Regulation No. 2819/2004, issued by ANMAT and including GMP, is the main rule that regulates the manufacture of pharmaceutical products. This Regulation was drafted in line with the Recommendations on Good Manufacturing Practices and Control issued in 2003, by the World Health Assembly and reports of the Pharmaceutical Inspection Corporation Scheme (PE 009–1) and International Conference on Harmonisation – Guide of GMP (Q7A).

For the purpose of verifying the compliance of GMP, ANMAT is empowered to supervise the manufacturing laboratory as well as the sites in which commercial companies and importers develop their business. ANMAT may carry out technical inspections that cover the functioning conditions and quality control used in such places. Additionally, the manufacturing sites should also be approved by the municipality in which they are located and specific approvals on certain aspects, such as disposal of residues and other environmental issues, also apply. Some of these approvals are incorporated at a municipal level.

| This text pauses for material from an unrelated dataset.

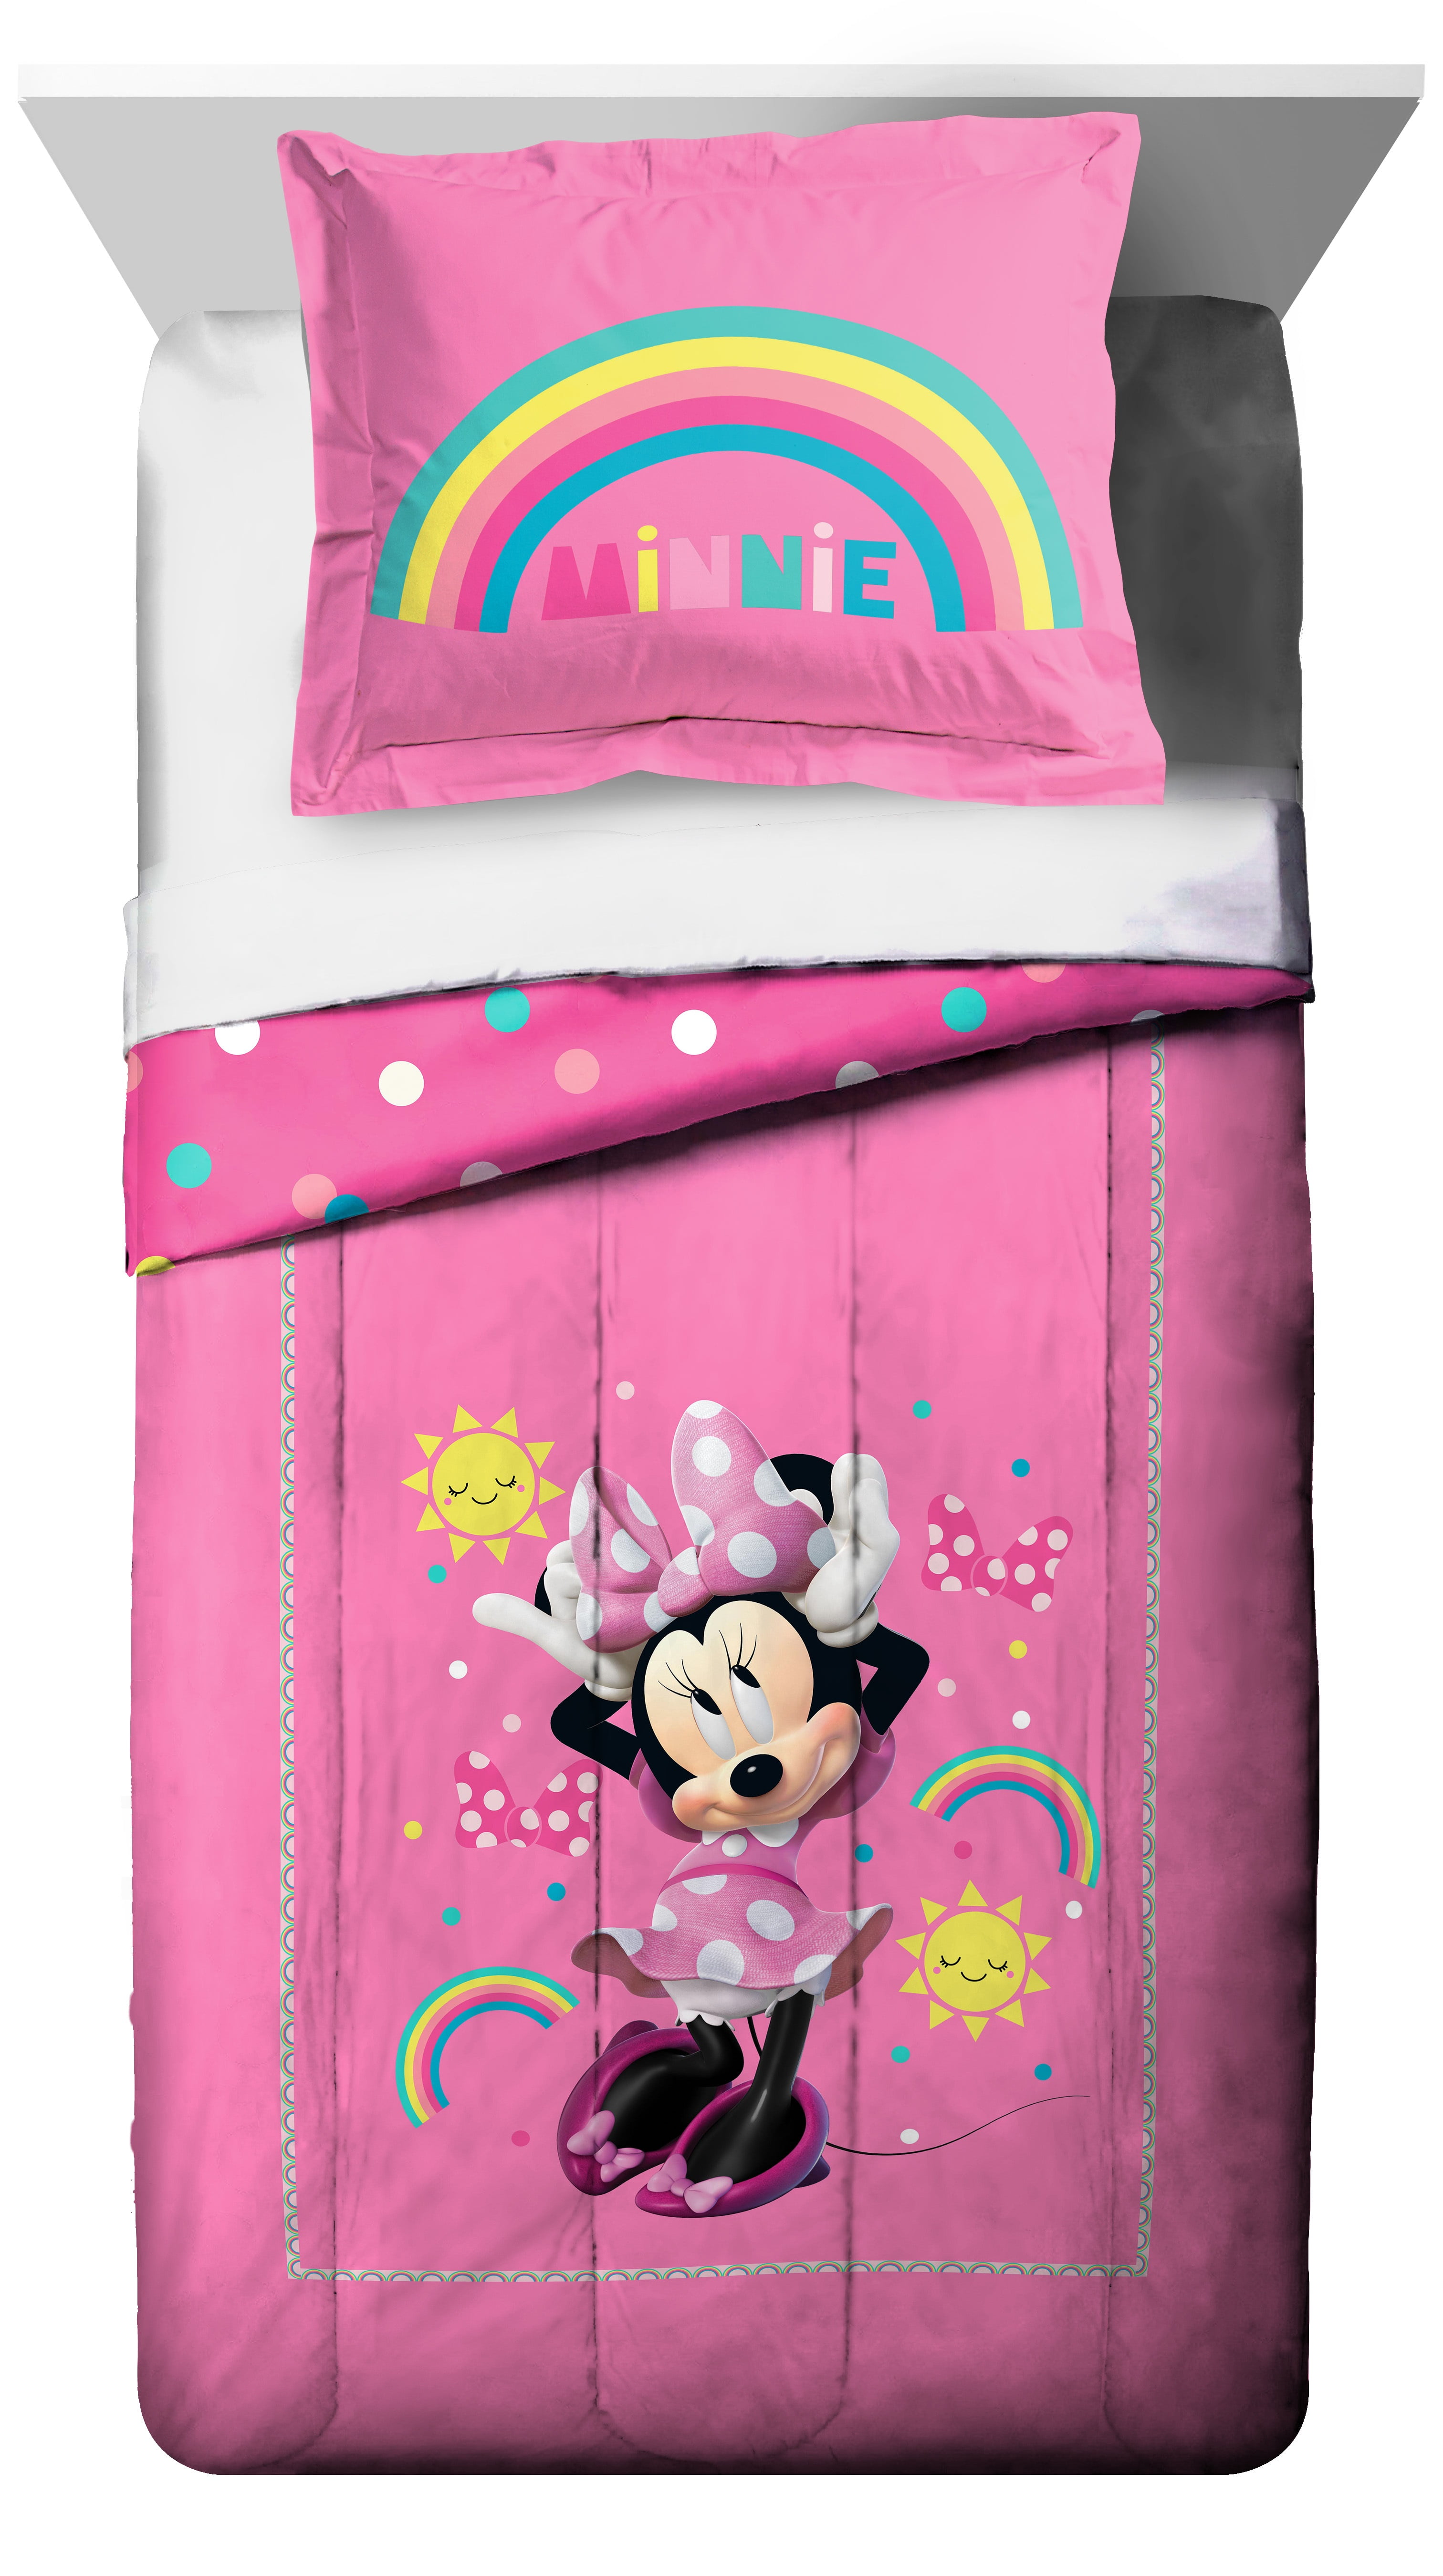 2 Piece Disney Minnie Mouse Twin/Full Comforter and Sham Set

x Advertising and promotion

Section 19 of Law No. 16,463 prohibits any form of public announcement of products that require an authorised prescribed delivery. The Supreme Court of Justice has supported this rule in several judgments by stating that the mere release of prescription medicines to the public without professional control may endanger public health.

The Ministry of Health Resolution No. 627/2007 regulates permissible practices for the promotion of pharmaceutical products requiring a medical prescription. Importantly, the resolution forbids pharmaceutical companies from, directly or indirectly, granting, offering or promising healthcare professionals (HCPs) any kind of incentive, such as bonuses or financial perks.

The promotion of medicinal products can only be addressed to practitioners authorised to prescribe or deliver medicines. The promotion should provide sufficient information, both technical and scientific, to allow practitioners to learn about therapeutic properties of the product. Promotion should be accompanied by informational material supporting the specification data of the approved product. Information should include the generic name and trade name of the pharmaceutical product and its quantitative and qualitative composition, form, counter-indications, adverse effects, warnings and doses. The only possibility of mentioning non-approved medicinal products is in the frame of specific congresses addressed to medical practitioners, and even in this case products should be identified by their active principle denomination, not being allowed to use the commercial brand.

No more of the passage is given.